The U.S. Army Corps of Engineers works in water and on land to lay the groundwork for multi-domain operations in 2028.
By Nicholas Boone
This is the first in a series of articles about the U.S. Army Engineer Research and Development Center’s (ERDC) support for multi-domain operations. “The U.S. Army in Multi-Domain Operations 2028” concept proposes a series of solutions for the rapid and continuous integration of all domains of warfare—land, sea, air, space and cyberspace. ERDC and engineer capabilities span the multi-domain operations cycle from competing short of armed conflict, to solving a layered standoff, to returning to competition on more favorable terms. This article contains examples of modernized software currently being used to refine war plans, conduct mission rehearsal and disseminate cross-domain intelligence for multi-domain operations success.

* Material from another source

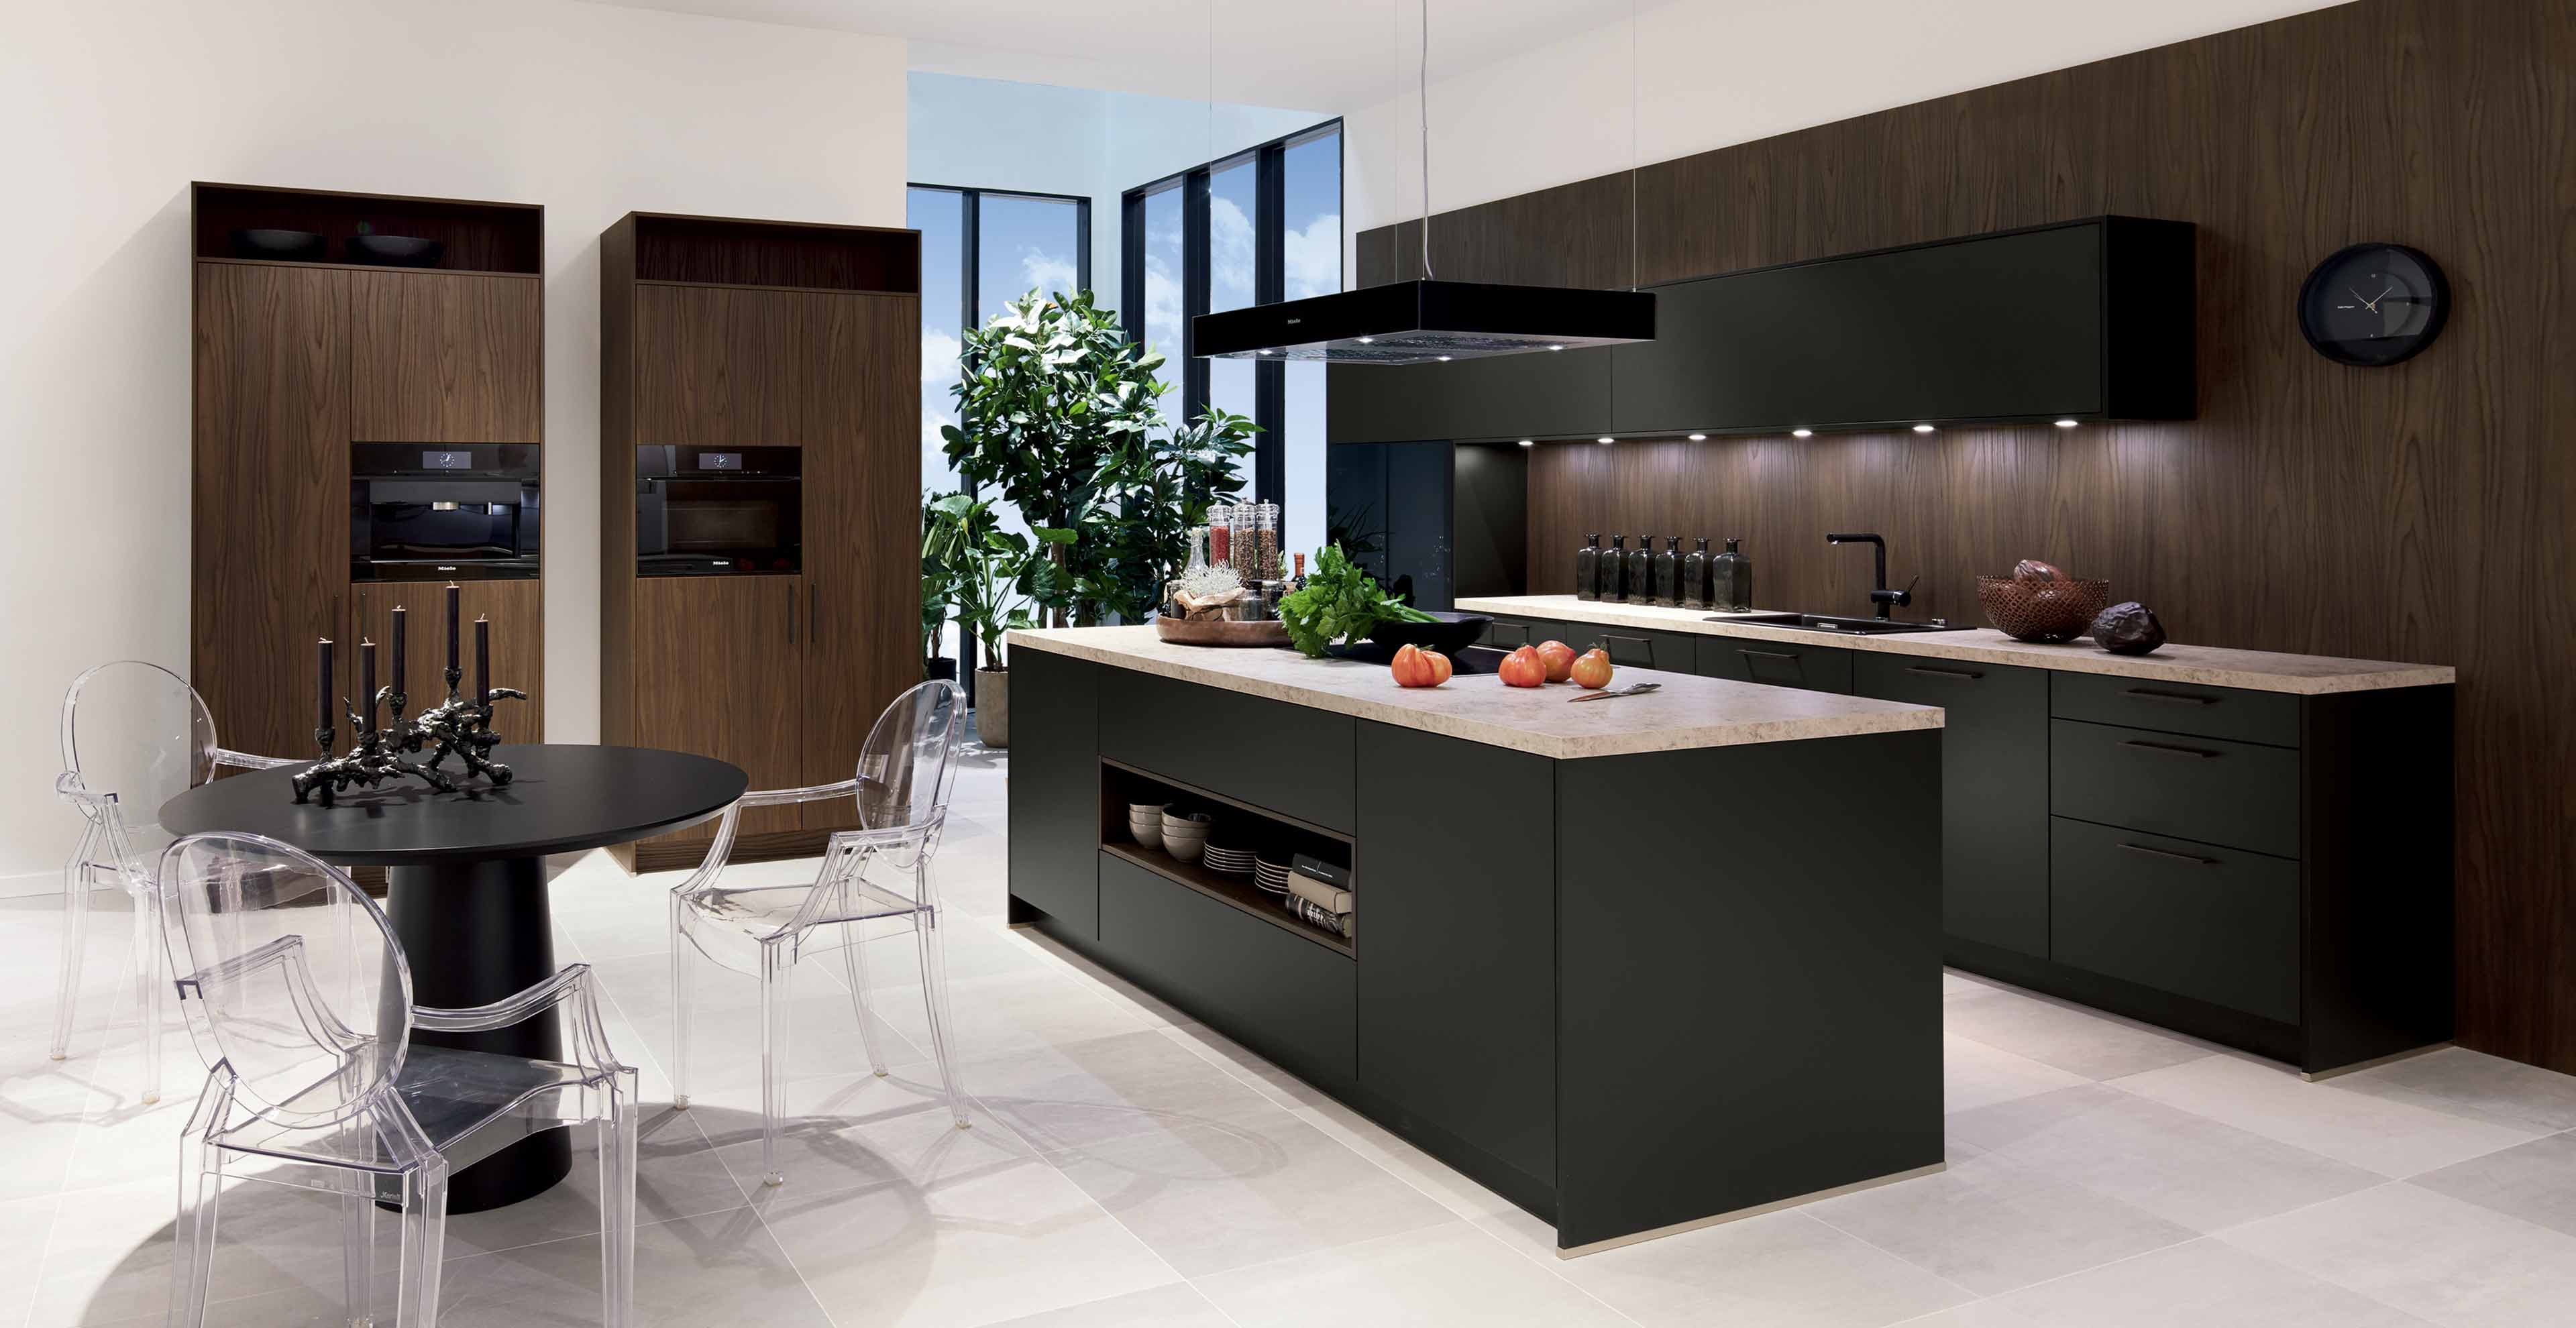 Moderne Küche Havannaschwarz & Sherwood dunkelbraun ...

Even before our nation’s formation, the first Continental Congress organized an Army and appointed a chief engineer to assist Gen. George Washington in solving the revolutionary challenges of the time. After partnering with allied nations and delivering success with this inaugural mission, the U.S. Army Corps of Engineers (USACE) broadened its national service and embraced diverse responsibilities, such as managing the nation’s first military academy and engineering institution, developing our country’s defenses, mapping the western frontier, managing federal flood control, providing hydroelectric power and leading natural disaster response missions.
Based on these successes, our nation’s military leaders once again turned to USACE three-quarters of a century ago as they began to consider one of the boldest multi-domain assaults in modern warfare. In planning the D-Day invasions at Normandy, the scale of which was unprecedented, national leaders leaned heavily upon the engineering expertise tucked away at the Corps’ Waterways Experiment Station in Vicksburg, Mississippi—the location of today’s U.S. Army Engineer Research and Development Center (ERDC).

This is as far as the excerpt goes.